To help think about confounding and lurking variables, consider the following situation. On many highways, such as Highway 93 in Montana and north into Canada, recent construction efforts have been involved in creating safe passages for animals by adding fencing and animal crossing structures. These structures both can improve driver safety, save money from costs associated with animal-vehicle collisions, and increase connectivity of animal populations. Researchers (such as Clevenger and Waltho (2005)) involved in these projects are interested in which characteristics of underpasses lead to the most successful structures, mainly measured by rates of animal usage (number of times they cross under the road). Crossing structures are typically made using culverts and those tend to be cylindrical. Researchers are interested in studying the effect of height and width of crossing structures on animal usage. Unfortunately, all the tallest structures are also the widest structures. If animals prefer the tall and wide structures, then there is no way to know if it is due to the height or width of the structure since they are confounded. If the researchers had only measured width, then they might assume that it is the important characteristic of the structures but height could be a lurking variable that really was the factor related to animal usage of the structures. This is an example where it may not be possible to design a study that prevents confounding of the two variables height and width. If the researchers could control the height and width of the structures independently, then they could randomly assign both variables to make sure that some narrow structures are installed that are tall and some that are short. Additionally, they would also want to have some wide structures that are short and some are tall. Careful design of studies can prevent confounding of variables if they are known in advance and it is possible to control them, but in observational studies the observed combinations of variables are uncontrollable. This is why we need to employ additional caution in interpreting results from observational studies. Here that would mean that even if width was found to be a predictor of animal usage, we would likely want to avoid saying that width of the structures caused differences in animal usage.

References

Clevenger, Anthony P, and Nigel Waltho. 2005. “Performance Indices to Identify Attributes of Highway Crossing Structures Facilitating Movement of Large Mammals.” Biological Conservation 121 (3): 453–64.
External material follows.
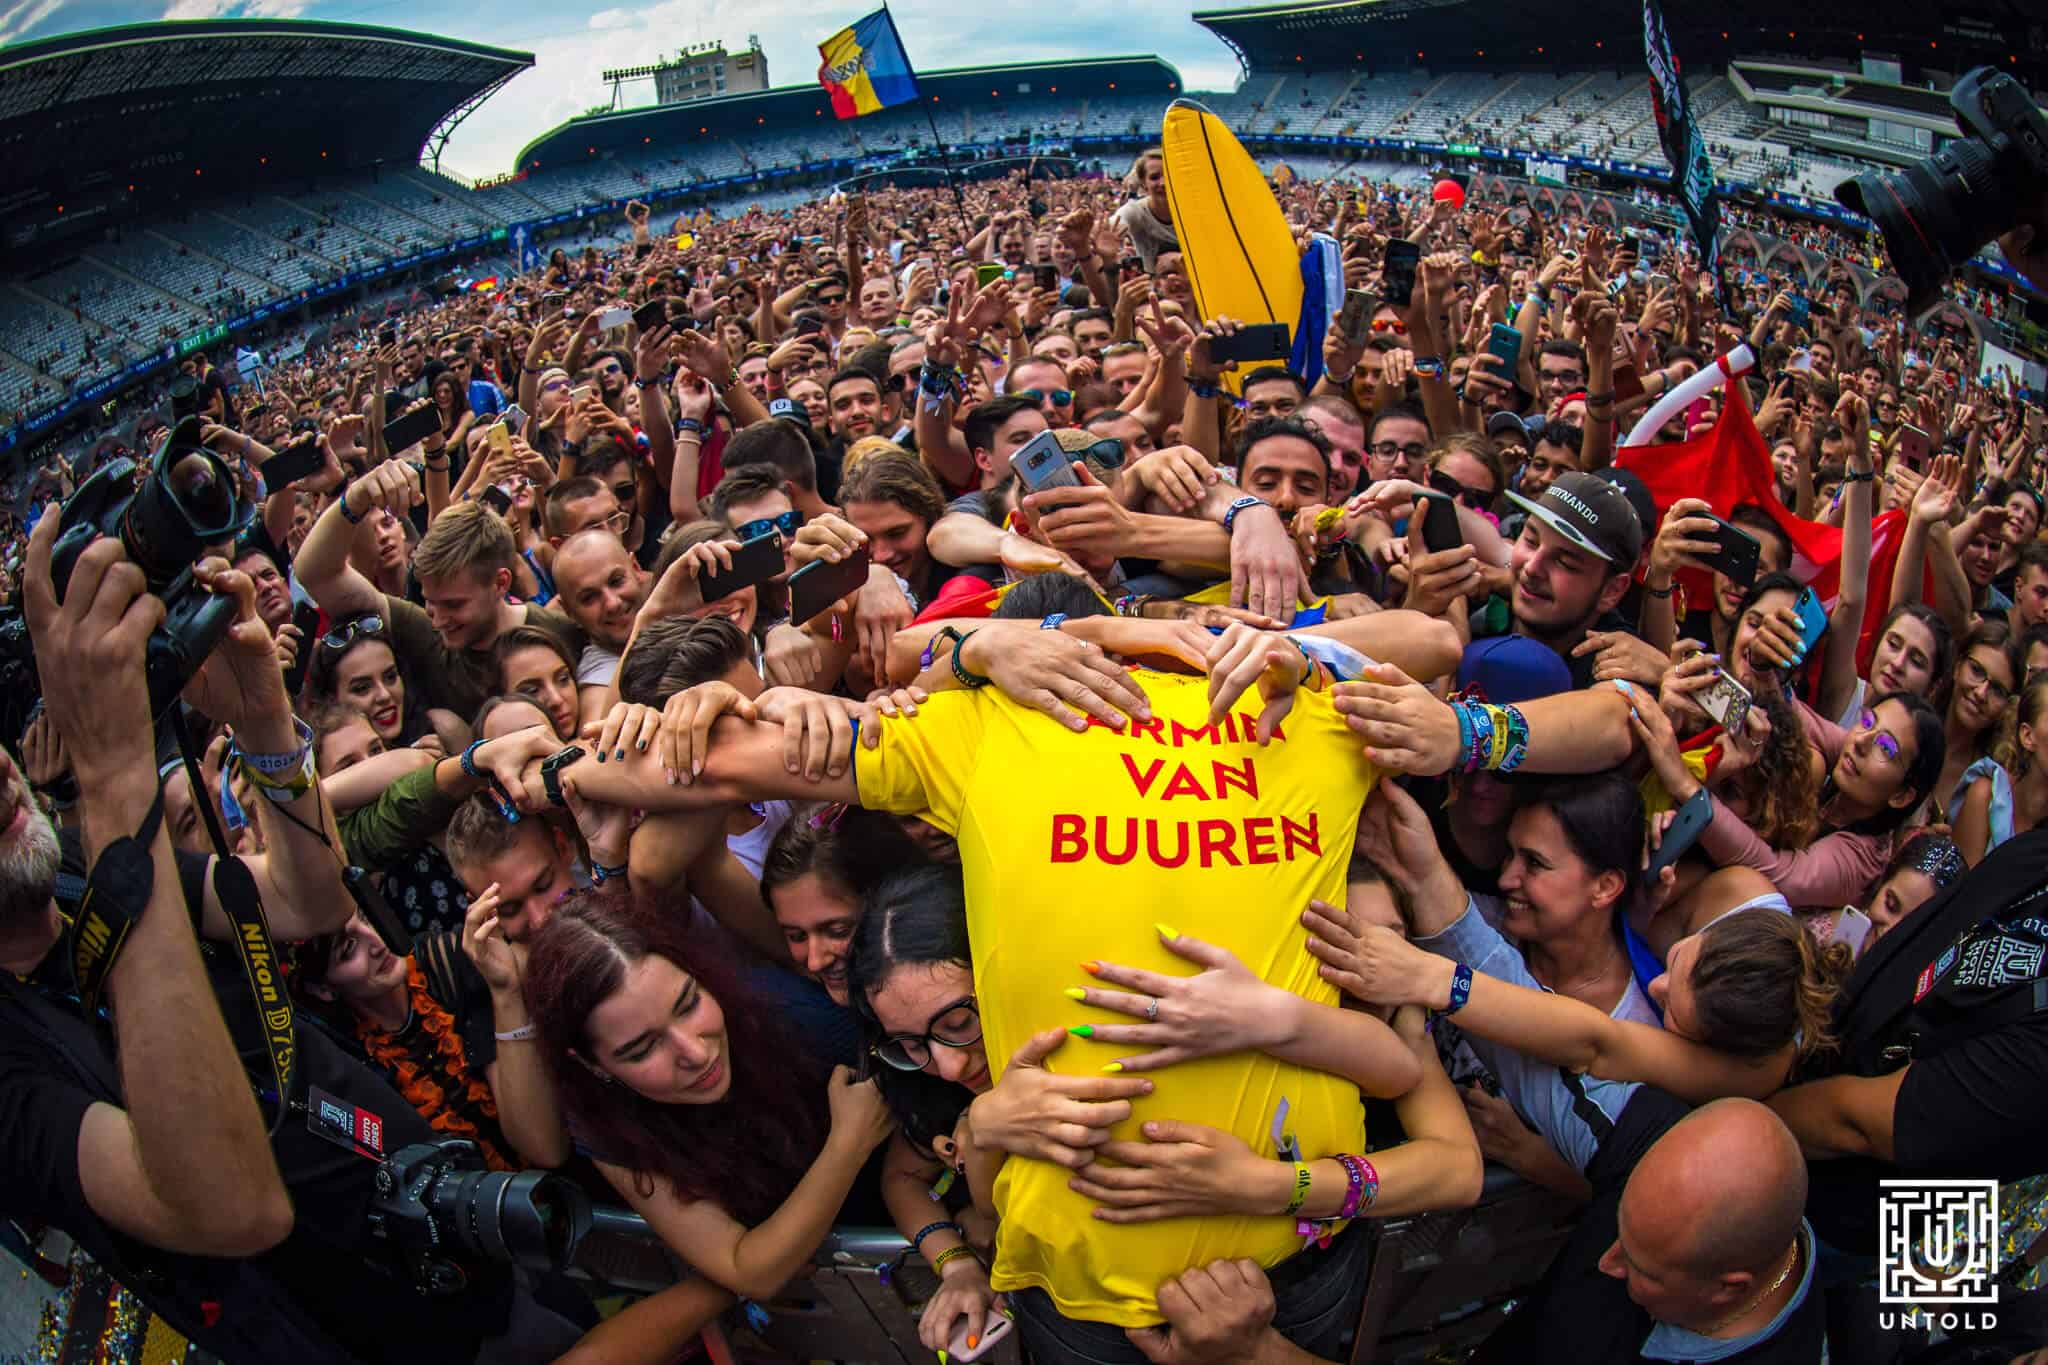 Armin van Buuren delivers massive 5 hour set at UNTOLD Festival: Watch

Fox, John, and Sanford Weisberg. 2011. An R-Companion to Applied Regression, Second Edition. Thousand Oaks, CA: SAGE Publications. http://socserv.socsci.mcmaster.ca/jfox/Books/Companion.
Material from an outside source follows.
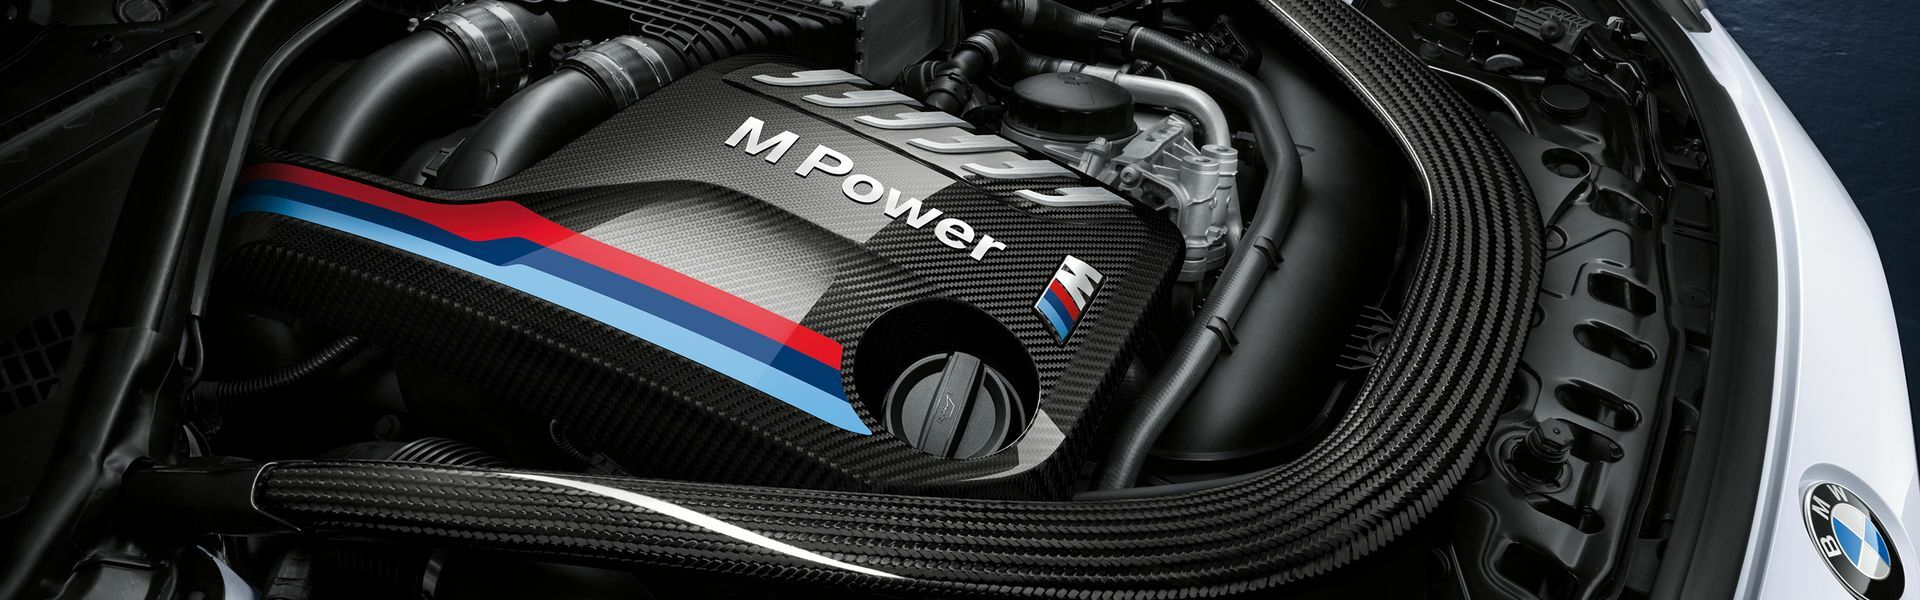 Zvýšení výkonu/ Softwarové úpravy/ Drobné performance díly pro automobil Porsche 911 GT3 991.2

Fox, John, Sanford Weisberg, and Brad Price. 2018. CarData: Companion to Applied Regression Data Sets. https://CRAN.R-project.org/package=carData.


  1. This is related to what is called Simpson’s paradox, where the overall analysis (ignoring a grouping variable) leads to a conclusion of a relationship in one direction, but when the relationship is broken down into subgroups it is in the opposite direction in each group. This emphasizes the importance of checking and accounting for differences in groups and the more complex models we are setting the stage to consider in the coming chapters.